▶ [Entries supplied]:

################

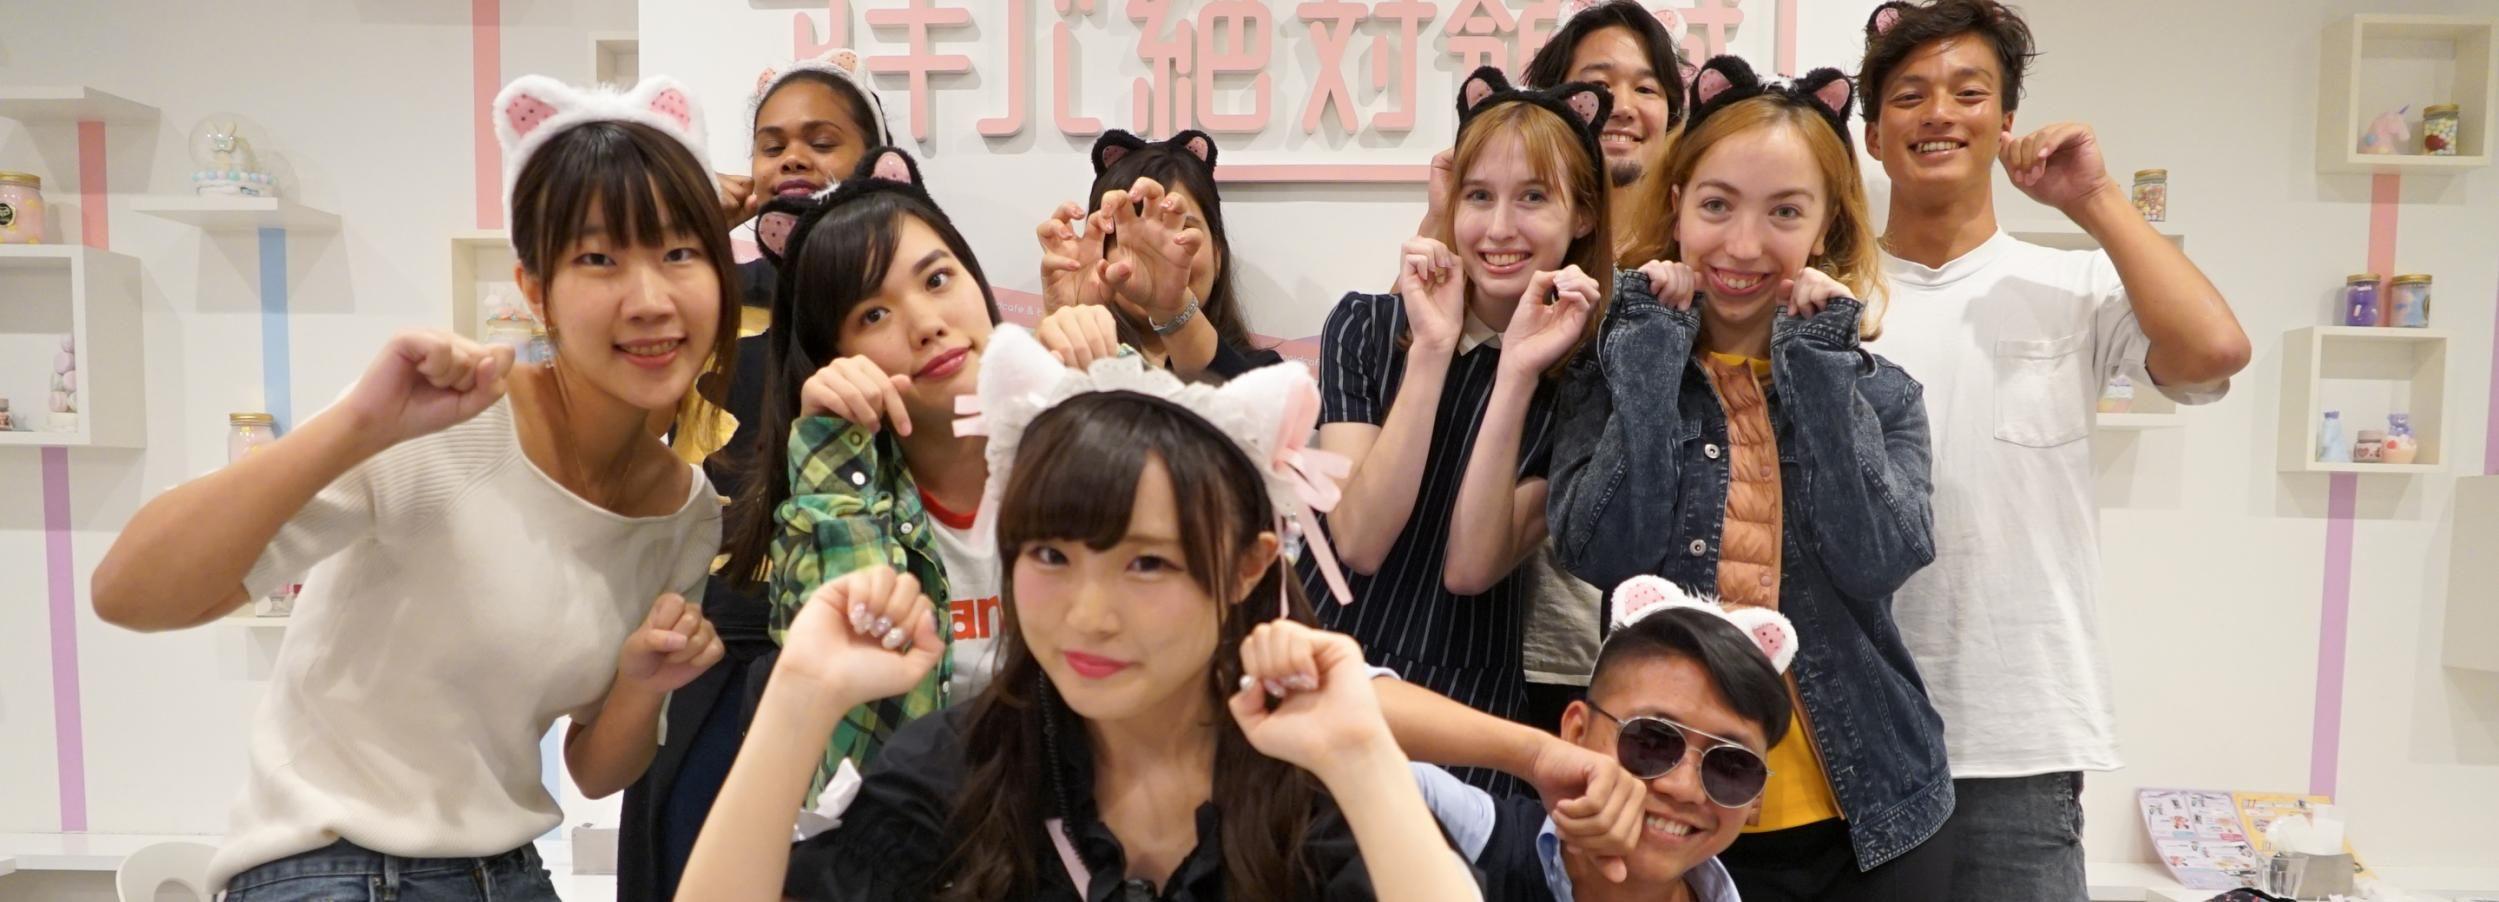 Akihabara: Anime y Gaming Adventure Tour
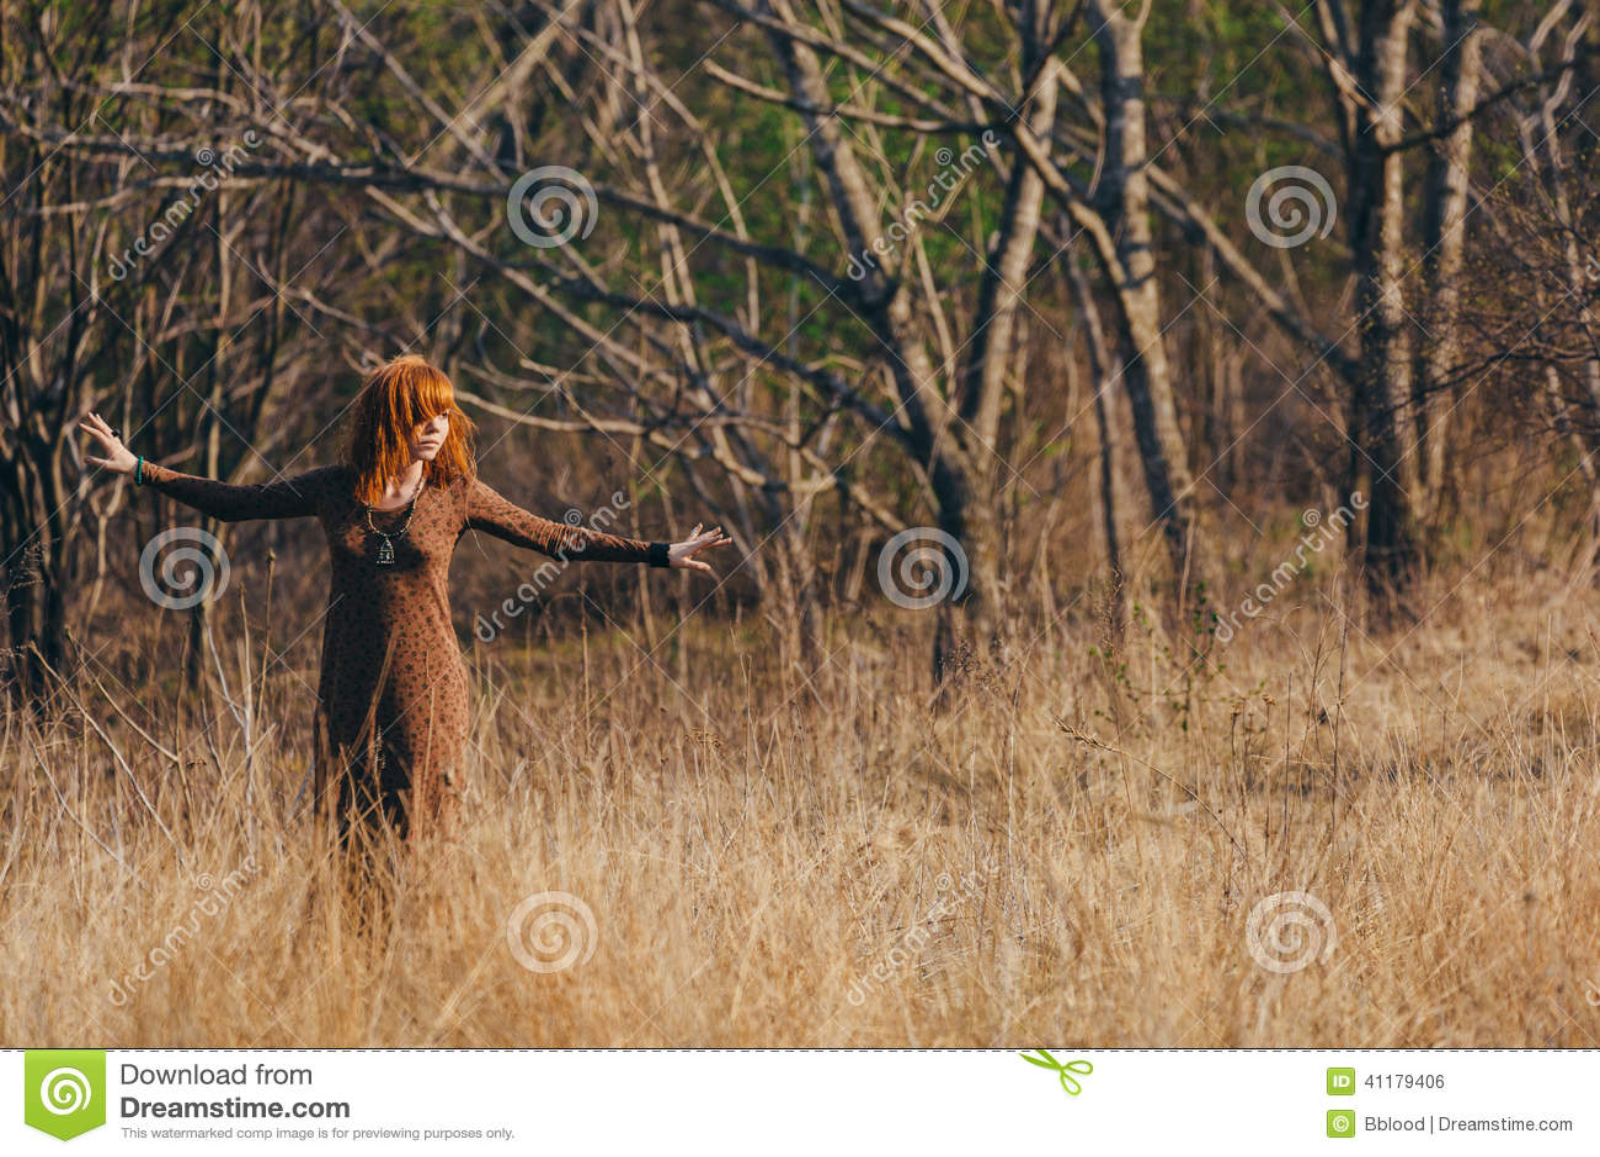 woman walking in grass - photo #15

################

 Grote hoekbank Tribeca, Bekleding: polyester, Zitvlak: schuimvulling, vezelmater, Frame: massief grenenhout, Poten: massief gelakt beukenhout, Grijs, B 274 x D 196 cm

################

▶ [Exercise objective]:
Working from the records above, set down word for word everything from the line containing "Akihabara: Anime y Gaming Adventure Tour" down to the line containing "woman walking in grass - photo #15", ends included, minus the pictures.

▶ [Final answer]:
 Akihabara: Anime y Gaming Adventure Tour
 woman walking in grass - photo #15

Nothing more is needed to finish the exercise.